In this paper, we presented a globally synchronous locally self-timed IP system configuration and we designed optimized self-timed logic library and implemented self-timed interface chip to communicate with IP which clock frequency is different from CPU system clock frequency.

Generated micropipeline FIFO operates at 1.6GHz speed for data transmission. Self-timed communication scheme, which is based on the pausible clocking scheme, is implemented with FIFO and PCC circuit on 0.25um CMOS chip. The resulting system functions to the local clock frequency of 2.2GHz that is limited by the ring oscillator.
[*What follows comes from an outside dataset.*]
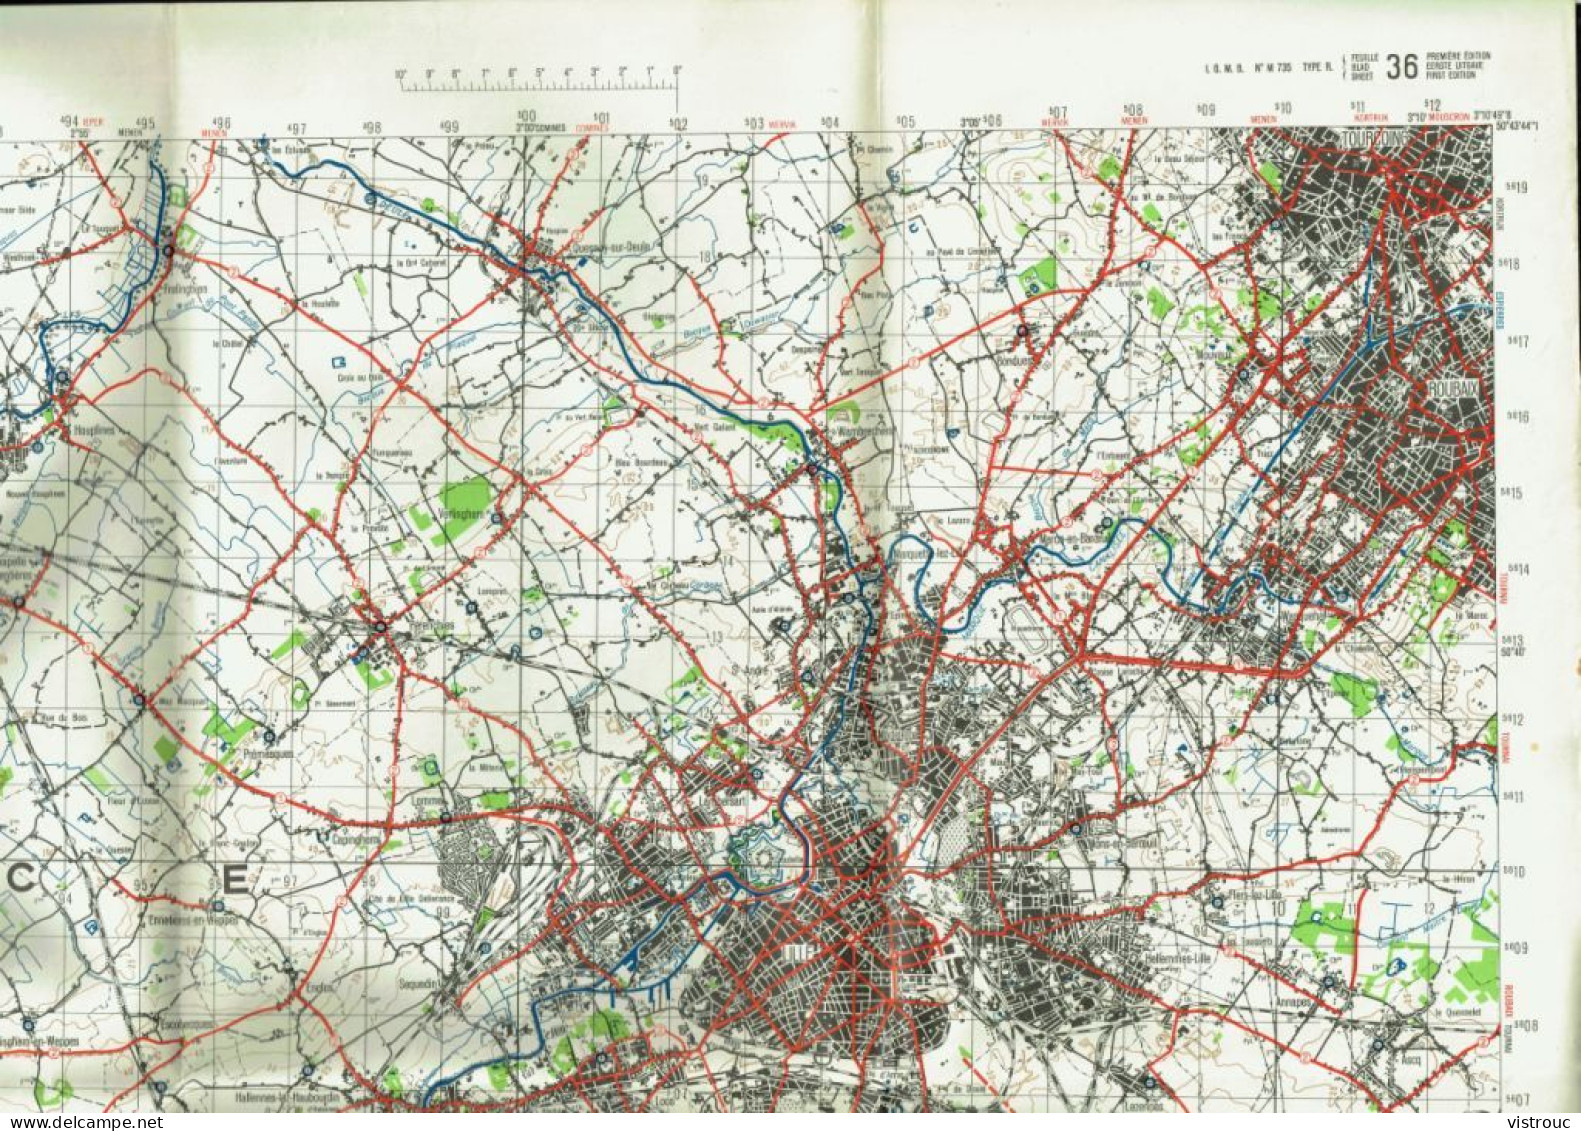 Institut Géographique Militaire Be - "PLOEGSTEERT" - N° 36 - Edition: 1954 - Echelle 1/50.000 - Cartes Topographiques
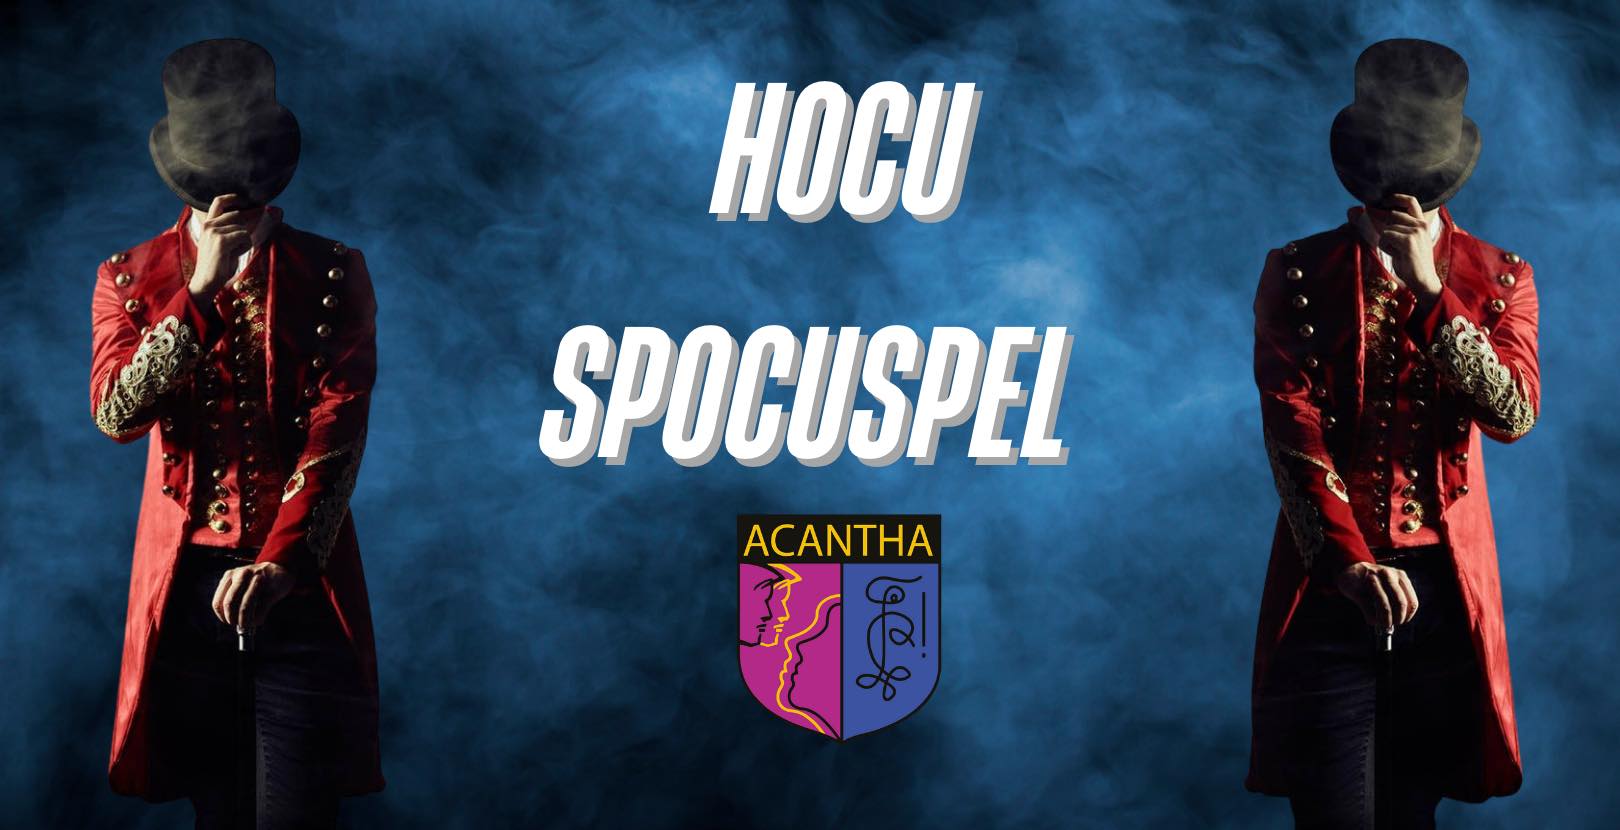 Acanta's HocuSpocuspel

The self-timed interface system is a viable approach to overcome synchronization issues and power consumption problems that arise in the globally clocked system.

#### REFERENCES

- [1] K.Y. Yun & A.E. Dooply, "Pausible Clocking-Based Heterogeneous Systems", IEEE Transactions on VLSI System, Vol.7, No.4, Dec. 1999.
- [2] M.R.Greenstreet "Implementing a STARI chip", in *Proc. Int. Conf. Computer Design*, pp.38-43, 1995.
- [3] N.C.Paver. "The design and implementation of an asynchronous microprocessor", *Ph.D thesis, University of Manchester*, 1994.
- [4] Shyh-Jye and I-Yao Chuang. "Low-power Globally Asynchronous Locally Synchronous Design Using Self-Timed Circuit Technology." *IEEE International Symposium on Circuits and Systems*, pp.1808-1811, June 1994.
- [5] Ming-dou Ker and Jeng-Jie Peng, "Layout Design and Verification for Cell library to improve ESD/latchup Reliability in Deep-Submicron CMOS Technology", IEEE custom integrated circuits conference, pp.537 – 540, May 1998.
- [6] Dake Liu and Christer Svensson, "Trading Speed for Low Power by Choice of Supply and Threshold Voltages", *IEEE journal of solid-state circuits*, Vol.28, No.1. pp.10-17, Jan., 1993.
- [7] Richard X.Gu and Mohamed I.Elmasry, "Power Dissipation Analysis and Optimization of Deep Submicron CMOS Digital Circuits", *IEEE journal of solid-state circuits*, Vol.31, No.5, May 1996.